2006). Despite all of this, the Circuit Court refused
to grant Petitioners any opportunity to amend.
(Transcript at 31). In fact, the Circuit Court’s
transgression of these entrenched principles was worse
than simply denying leave to amend. Here, the Circuit
Court dismissed Petitioners’ Complaint with prejudice
and then declined to even afford Petitioners the
opportunity to file a motion for leave to amend. (Id.)
(“I am going to decline to give you the opportunity to
file a motion to amend in this case.”). Thus, not only
were Petitioners not afforded an opportunity to amend –
which should be liberally granted – but the Circuit
Court failed to even give Petitioners an opportunity to
ask for leave to amend their Complaint. (Id.)
If, as this Court has made evident in Kole and
Benitez, refusal to grant leave to amend is an abuse of
35
discretion after a showing of good cause, then
certainly failure to give a party an opportunity to
even file a motion requesting leave to amend must
exceed the scope of the Circuit Court’s discretion. If
the Circuit Court believed that Petitioners’
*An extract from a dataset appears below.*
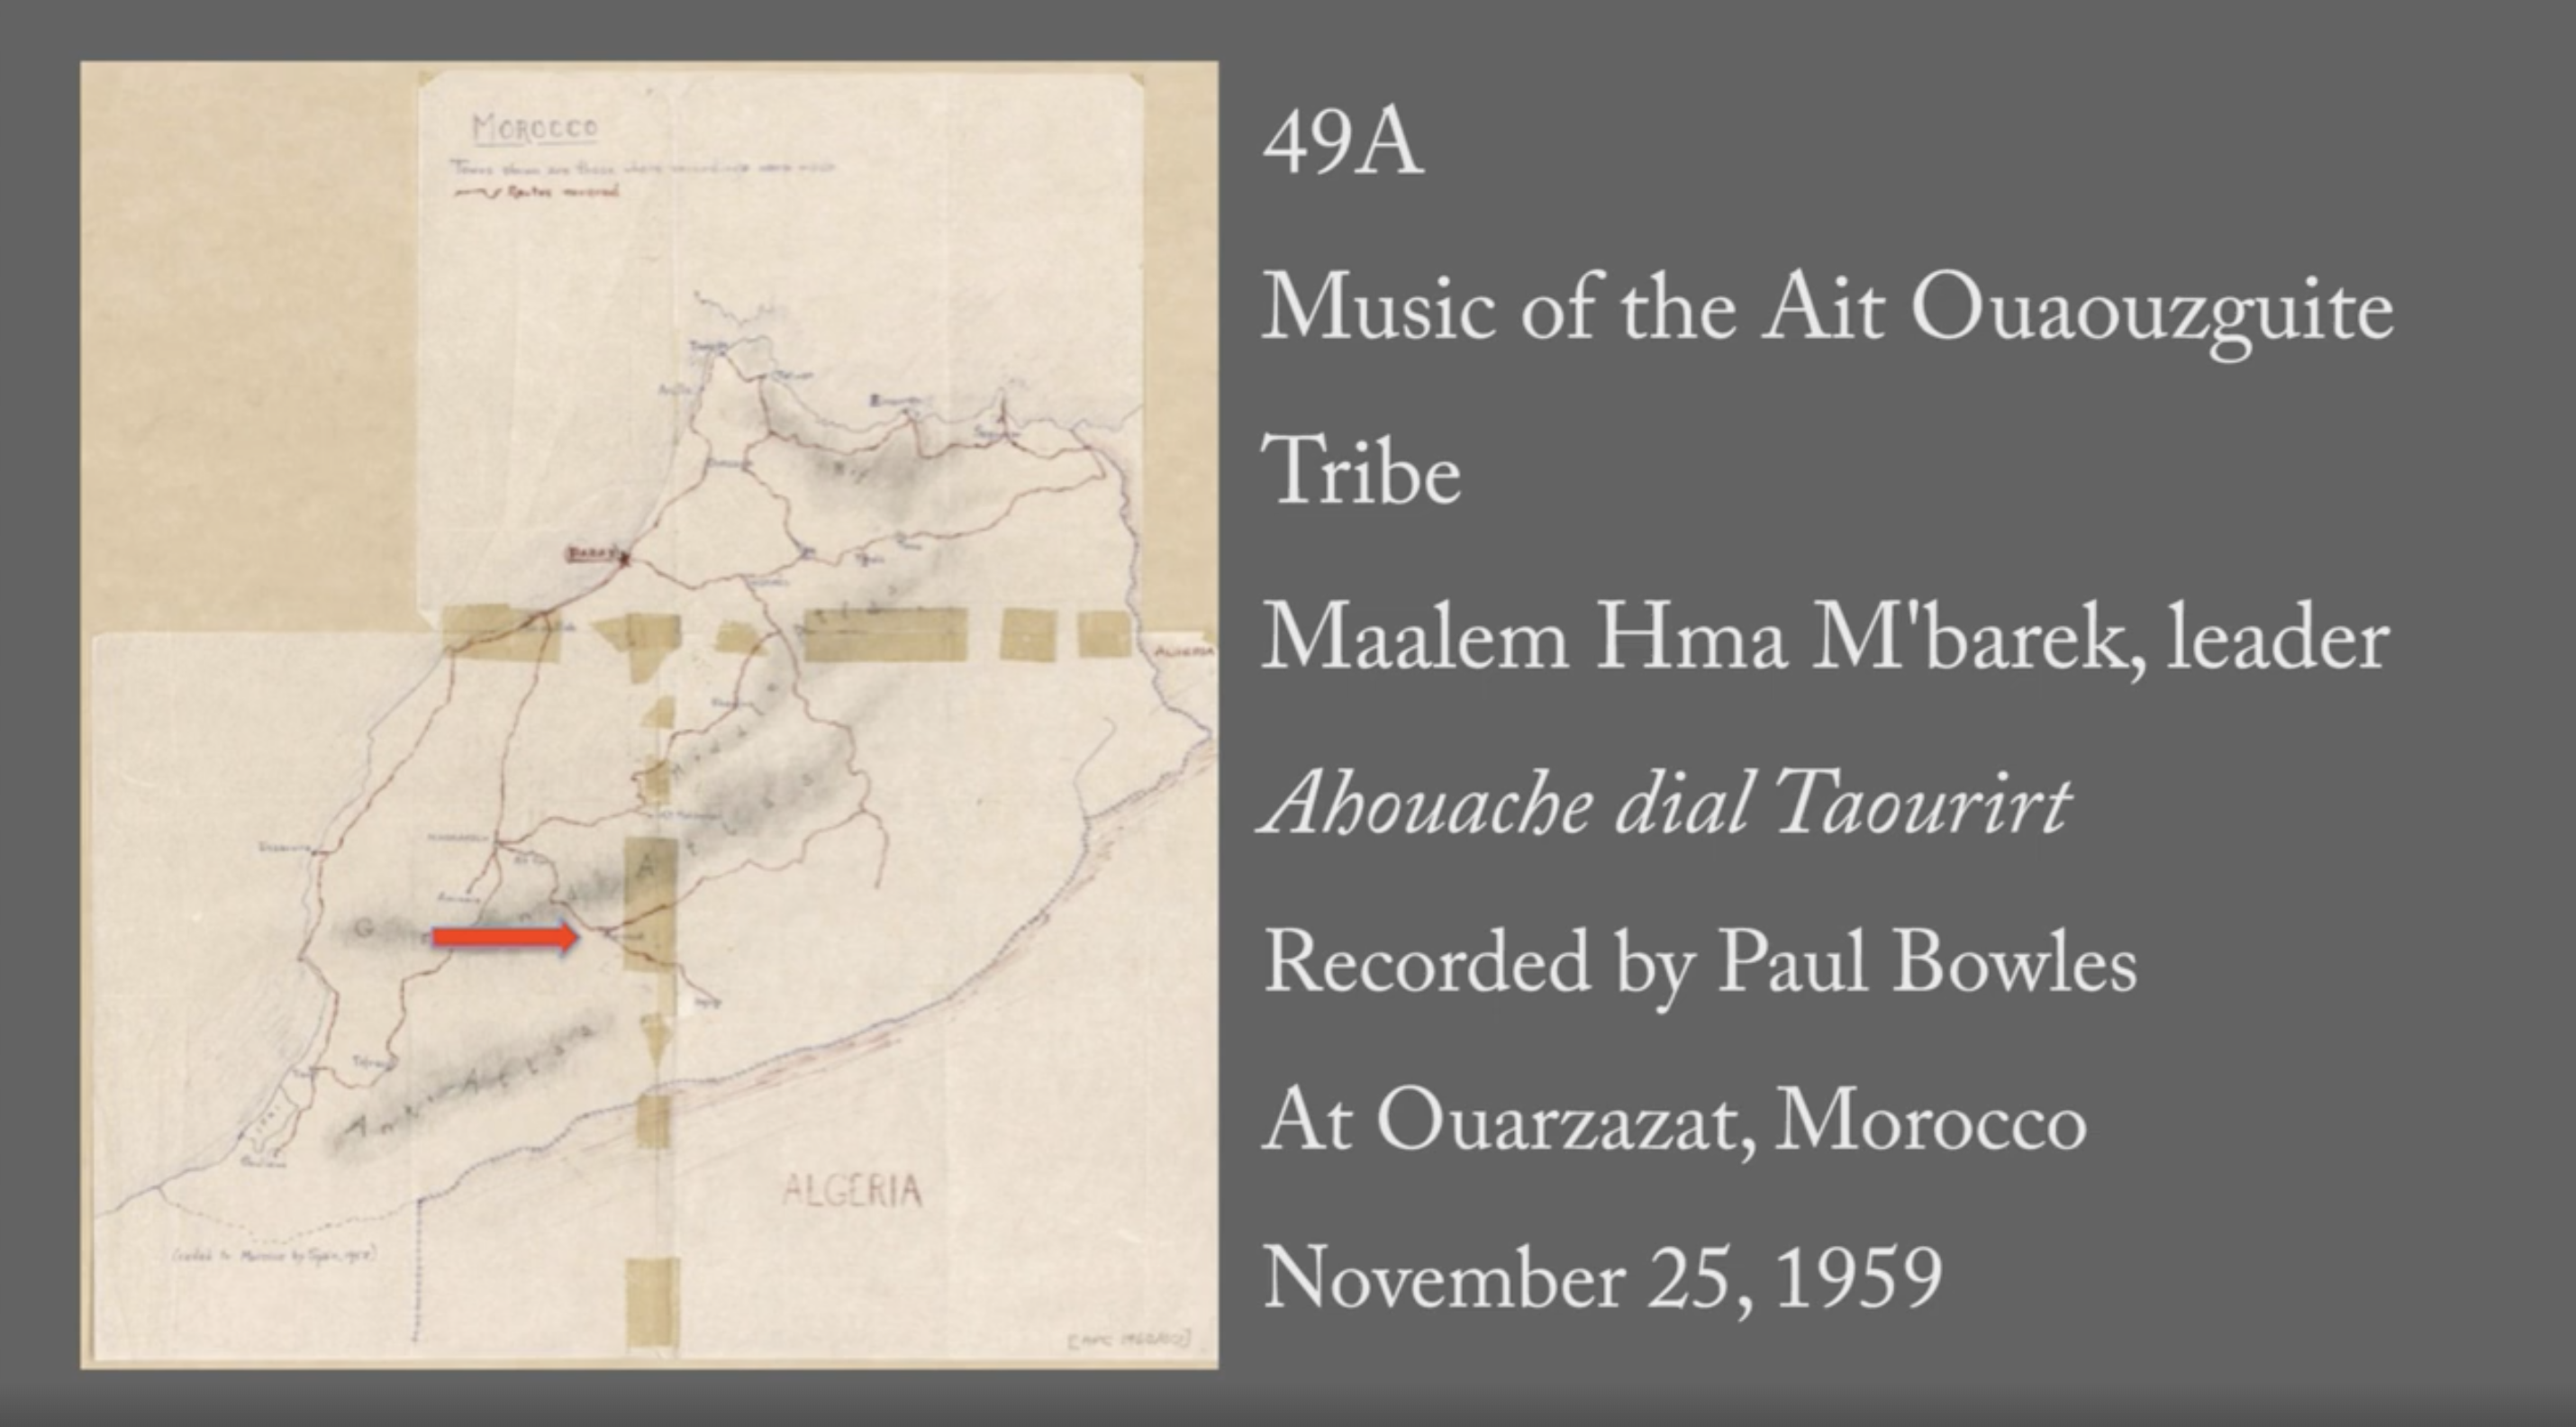 49A: "Ahouache dial Taourirt" (Music of the Ait Ouaouzguite Tribe)

allegations regarding standing and injury were
insufficient, the remedy should have been leave to
amend, buttress, and clarify those allegations, which
Petitioners can and stand ready to do. Instead, the
Circuit Court erred by imposing the drastic punishment
of dismissal with prejudice of a first Complaint, as a
first, not last resort, without leave to amend even
once. This Court should grant review to correct that
substantial and prejudicial error.
CONCLUSION
For the foregoing reasons, this Court should grant
review to correct the errors of the Circuit Court.